Desmanche com efeito imediato

A comunicação de que a Meta está eliminando imediatamente diversos programas focados em grupos minoritários, incluindo práticas de contratação diversificada, veio por meio de um memorando interno revelado na sexta, (10), pela Axios e Business Insider.

No documento, Janelle Gale, vice-presidente de RH, afirmou que as metas de representatividade também serão abandonadas. A empresa contextualizou a mudança dentro do cenário legal e político dos EUA, citando decisões recentes da Suprema Corte, mas evitou comentar como estas alterações se alinham com seus objetivos corporativos mais amplos.

De qualquer modo, o conjunto de “novidades” é uma guinada significativa e sinal dos novos ventos do Vale do Silício. A série de modificações estruturais na empresa de Zuckerberg vão além do encerramento dos programas DE&I. A eliminação do programa de fact-checking, seguida pela promoção do republicano Joel Kaplan a diretor global de assuntos e a inclusão de Dana White, CEO da UFC e próximo a Trump, em seu Conselho, demonstram um claro realinhamento estratégico.

Adicionalmente, a contribuição sem precedentes de $1 milhão para o fundo inaugural de Trump marca uma ruptura – talvez definitiva – com as práticas anteriores da empresa e sugere uma tentativa de reconciliação com um líder que já ameaçou seu CEO com prisão.

Suprema Corte pavimenta caminho do desmonte

Embora soprando mais forte no Vale do Silício, o movimento de redução dos programas de DE&I ultrapassou suas fronteiras e alcança diversos setores da economia americana. Gigantes do varejo como Walmart, do setor automobilístico como Ford, do fast-food como McDonald’s e do setor agrícola como John Deere, estão reduzindo suas iniciativas de diversidade.

E poucos casos o fizeram com sutileza, como a Amazon, cuja executiva de RH, Candi Castleberry, anunciou recentemente o encerramento de “programas e materiais desatualizados” até o final de 2024, focando em “programas com resultados comprovados”.

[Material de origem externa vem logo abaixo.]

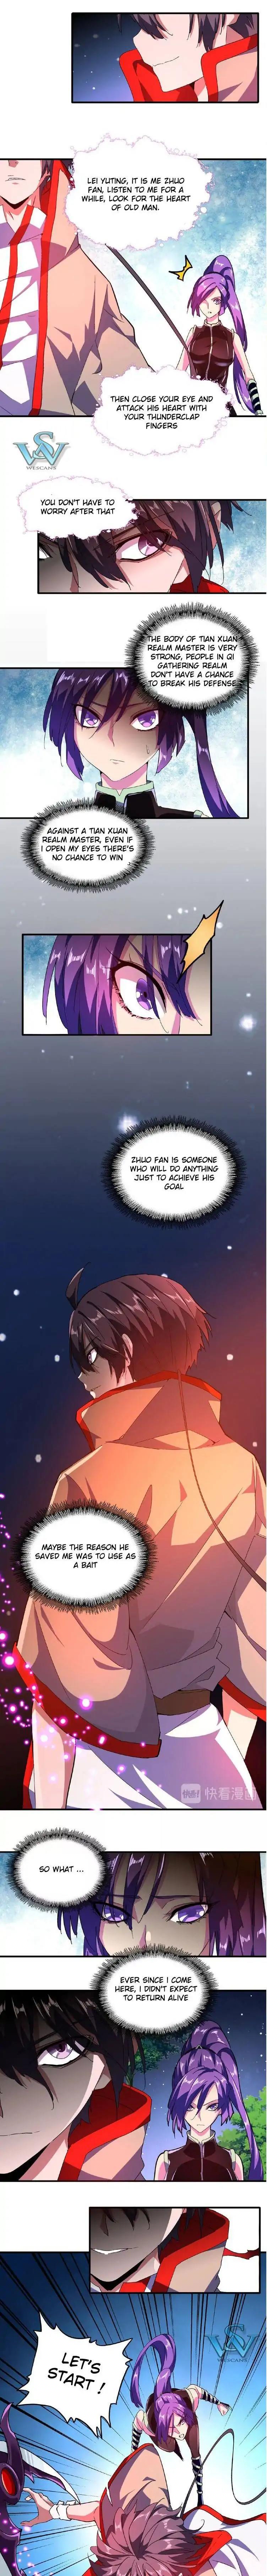 Magic Emperor Chapter 29 page 3 - Mangakakalot

As mudanças são justificadas por um ambiente legal e político em rápida transformação. Especialistas apontam que a decisão histórica da Suprema Corte em 2023 contra ações afirmativas baseadas em raça nas universidades americanas criou um precedente que agora reverbera no mundo corporativo. Também a decisão judicial que impediu a Nasdaq de impor regras de diversidade em conselhos corporativos contribuiu para criar um novo ambiente regulatório.

E o próprio termo “DE&I” tornou-se politicamente carregado, sendo frequentemente interpretado como uma forma de tratamento preferencial, uma percepção que tem gerado crescente resistência nos círculos conservadores.

Depois do Black Lives Matter, uma reviravolta em três anos

O momento atual representa um dramático retrocesso nas iniciativas corporativas adotadas após os protestos de 2020, desencadeados pelo assassinato de George Floyd. Não é exagero afirmar que movimento avalizado atualmente pela Meta representa uma transformação fundamental na relação entre grandes empresas de tecnologia e questões sociais, numa sequência de decisões que sugere uma estratégia coordenada de alinhamento com correntes políticas conservadoras.

E as implicações dessas decisões são potencialmente transformadoras para o ambiente corporativo americano, mas influenciam o resto do mundo, potencializando o risco real de um efeito dominó que afetaria práticas de contratação, promoção e cultura organizacional em companhias de todas as nacionalidades e tamanhos.

Papel das empresas será reescrito?

O cenário atual sinaliza mais que uma simples reversão de políticas corporativas — marca uma redefinição do papel das empresas na sociedade. Se no início da década as corporações se posicionavam como agentes de transformação, agora retornam a uma postura que prioriza resultados financeiros sobre impactos sociais.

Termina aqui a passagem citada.